I shrugged, “Oh, well.”
I didn’t talk to that guy for the
rest of the night, in fact, until I could argue otherwise, I was determined to
stay away from him. Was our school system truly terrible? Was it really just
breeding hatred and discord among students? I didn’t use the word “hate” in a
literal sense at the time, but I had heard people constantly say that about
others when I was in high school. Our salutatorian and valedictorian always
scowled and ignored each other when they would meet. The lower you were on the
food chain the less it meant to you. No one past thirty cared or even knew
about their rankings, but these were the people who never failed to smile at
you. These were the people that had normal teenage “beef” that had nothing to
do with how high their GPA was in comparison to Susie’s GPA.

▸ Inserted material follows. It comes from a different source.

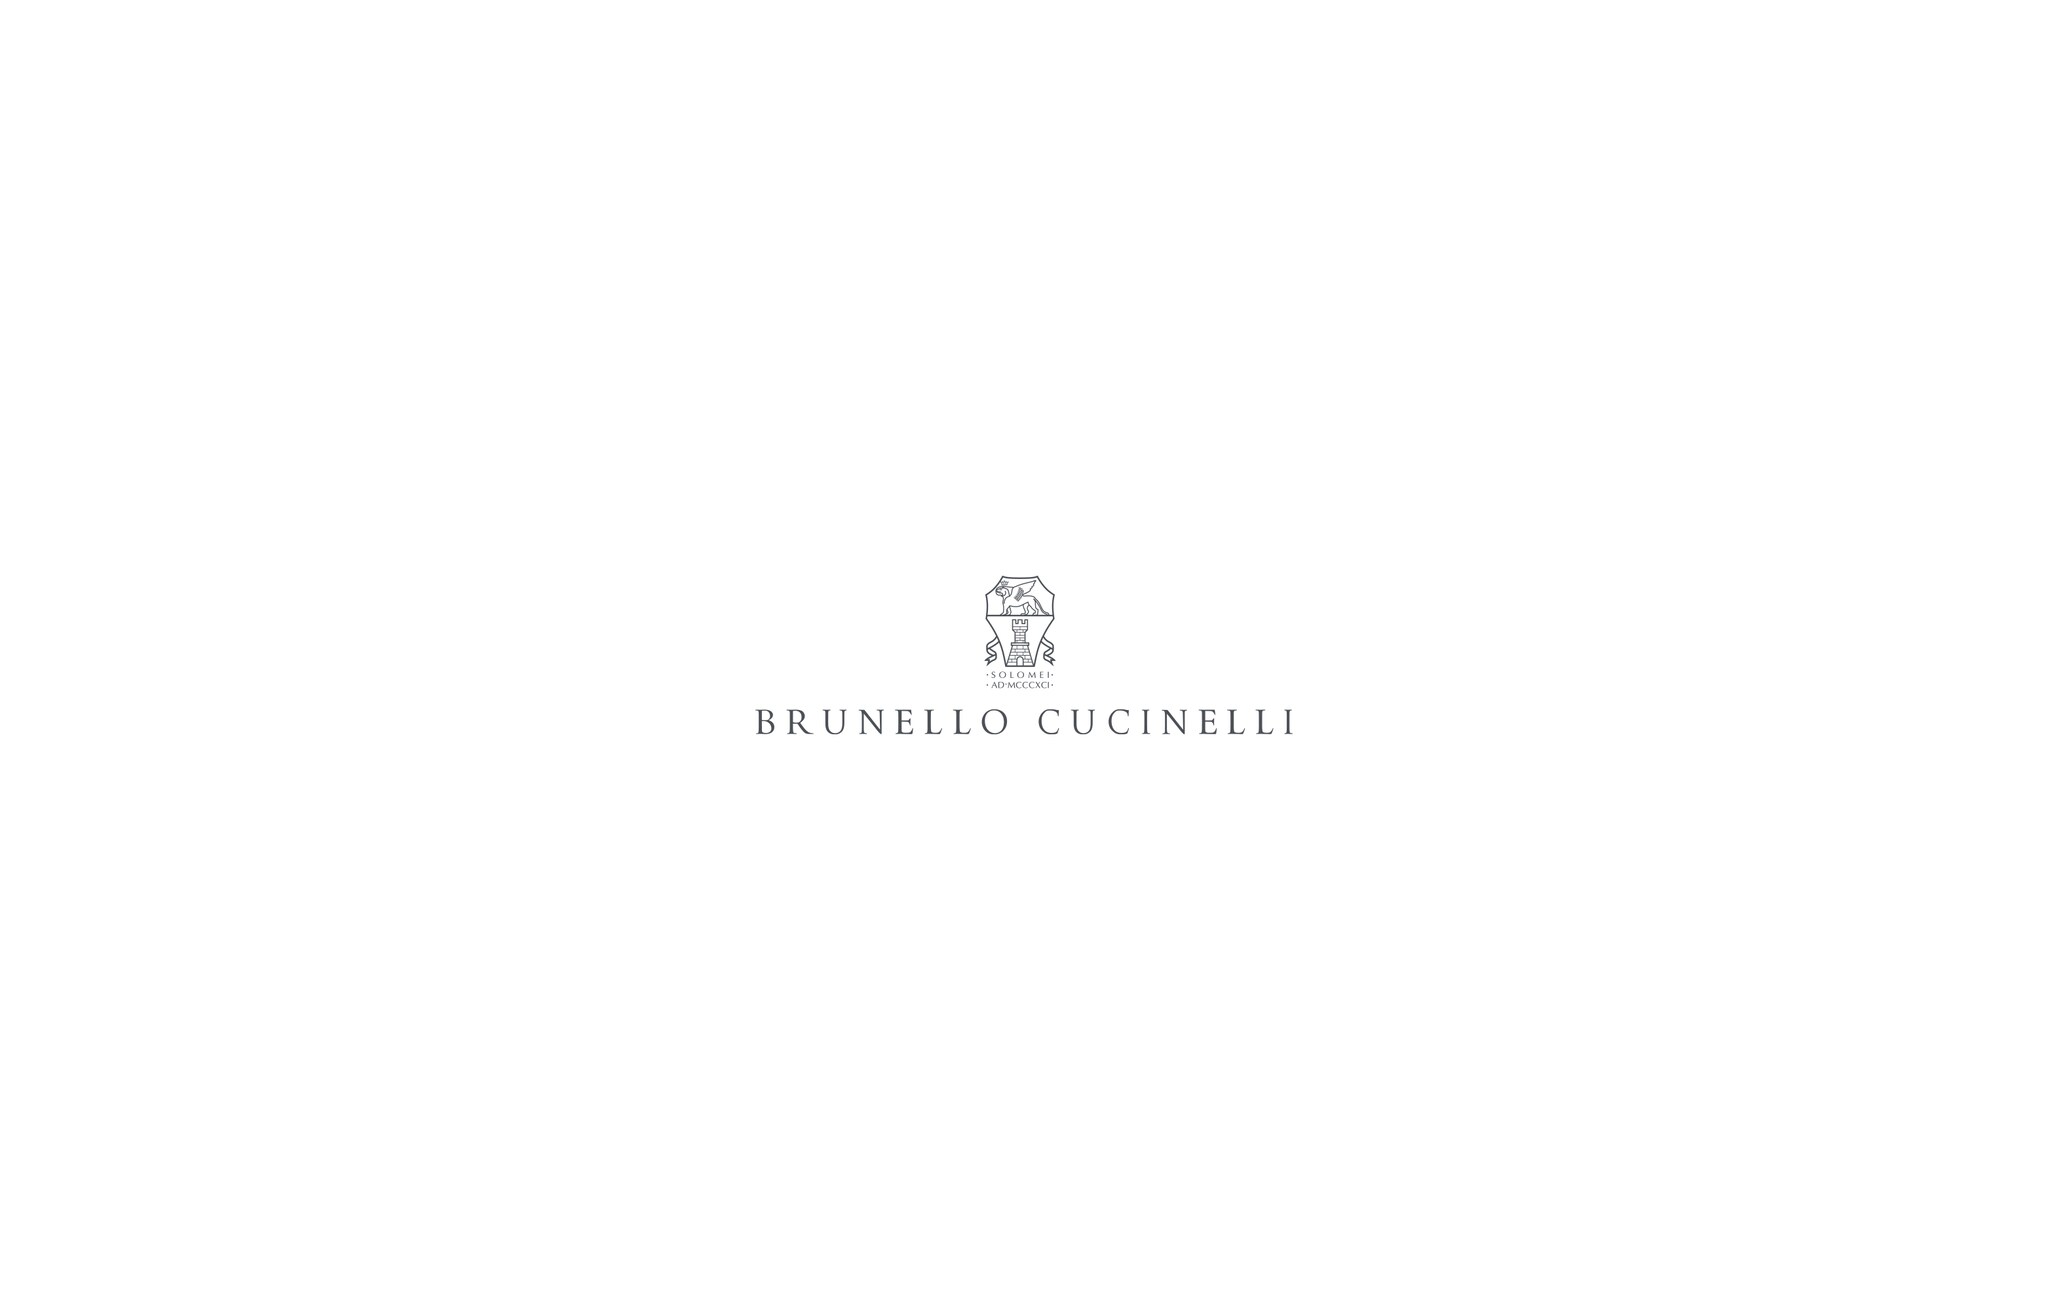  装饰镶珠的羽绒服 深灰 女款 - Brunello Cucinelli

I’d said that the American system
brewed success, but what evidence could I recount without resulting to Google?
What weapons did I have? I’d said all of these things about success and stress
being a good motivator, but, in retrospect, did I actually hear myself? I was
selling stress, marketing hatred and handing out pamphlets on how to be the
best “American” you can be. Really, all I was doing was selling my country short.

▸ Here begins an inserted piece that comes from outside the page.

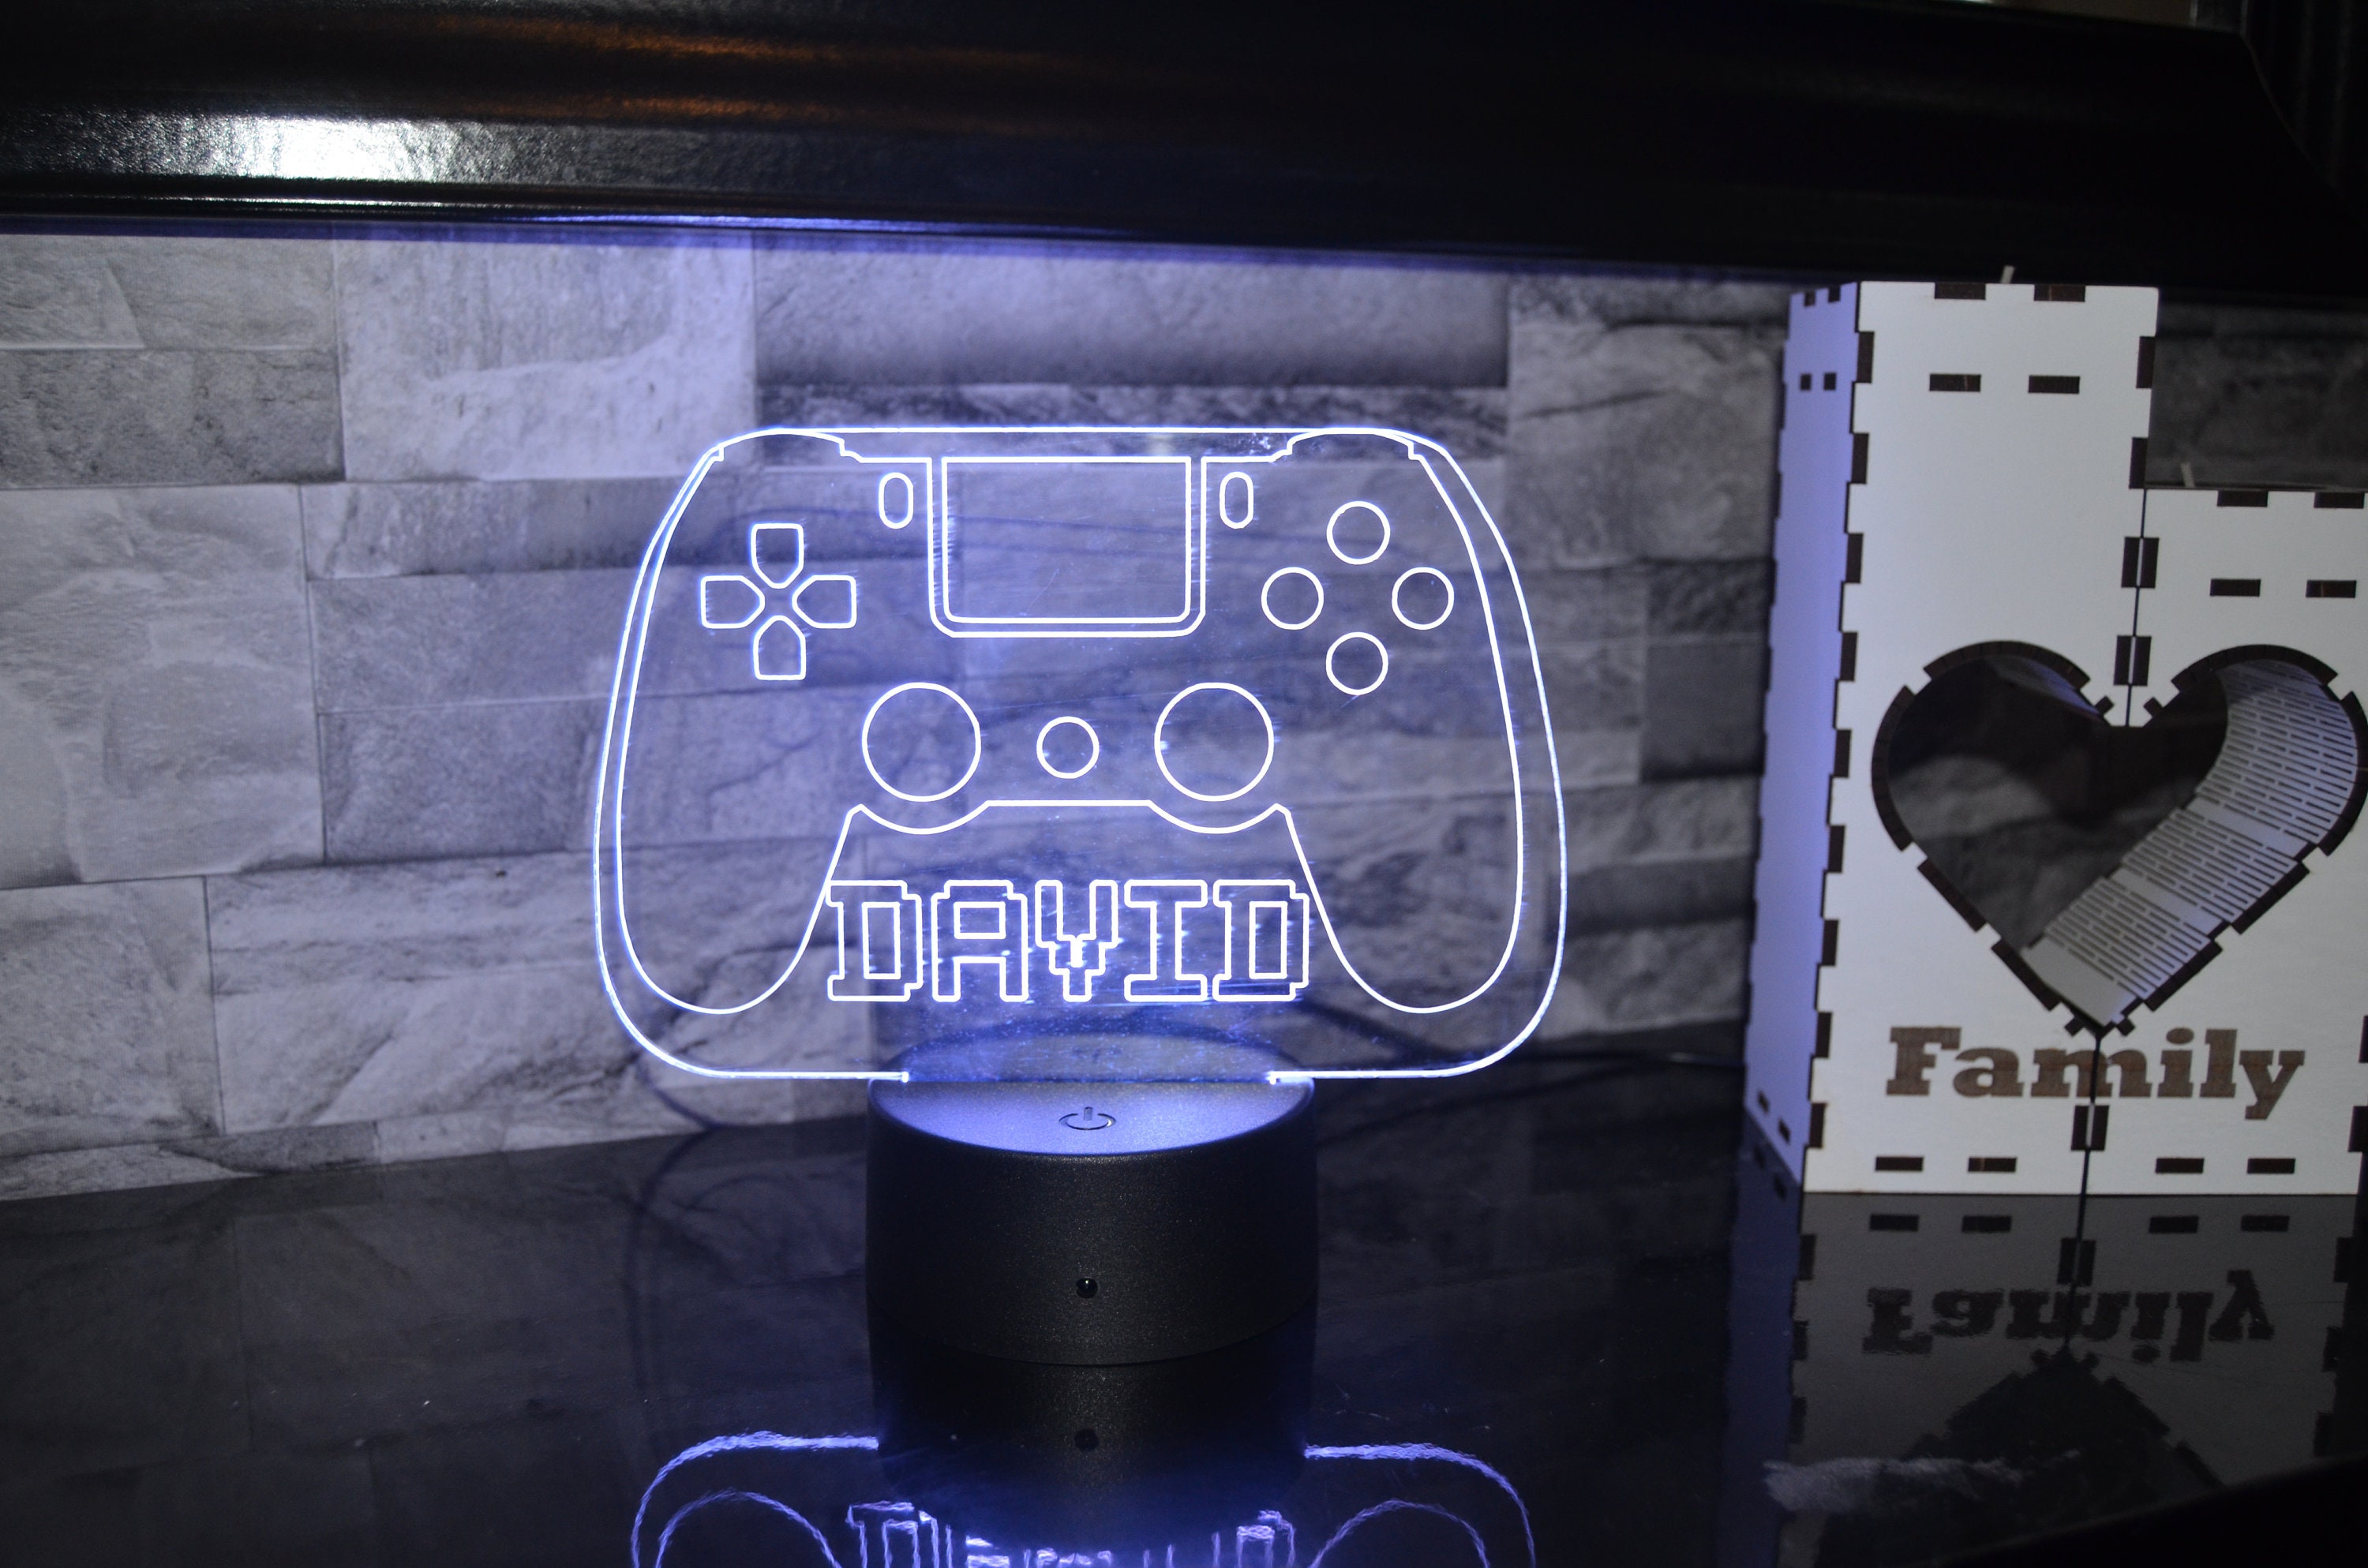 Veilleuse Manette PlayStation 4 : Lumière Originale pour Gamers

Even more than that, for the first time in my life, I was fervently trying to defend my country. I was indignant, right, and
supposedly justified with the most infallible of reasoning: America rocks and
if you don’t think so, you can kick rocks! Truthfully, for more reason than
one, I was not that abrupt. I realized that to fully appreciate my experience I
needed these people, and whatever opinions that followed. They challenged me,
and they challenged what I thought was almost perfect—almost right. To fully
appreciate my home, perhaps that was exactly what I needed.
Pride can quickly turn an
observation into an insult if you let it. It gives and takes friends just as
soon as you make them. It’s that dragon the town keeps to protect the gold. It
builds you up and tears you down. Nothing can be more instinctive or primal,
but, sometimes, it has its uses.
* * *
“Hey, Joe!” I nudged him in the
arm, “Why does everyone wear so much black here? Is everyone just severely
unhappy or is just the weather?”
He grinned, “It has to be a bit
of both, doesn’t it?”
* * *
Delshawn Anderson is a English major at Lander University. She studied abroad at The University of Winchester in England during the fall semester of the sophomore year. She plans to graduate from Lander in May 2019, and after graduation she hopes to attend graduate school.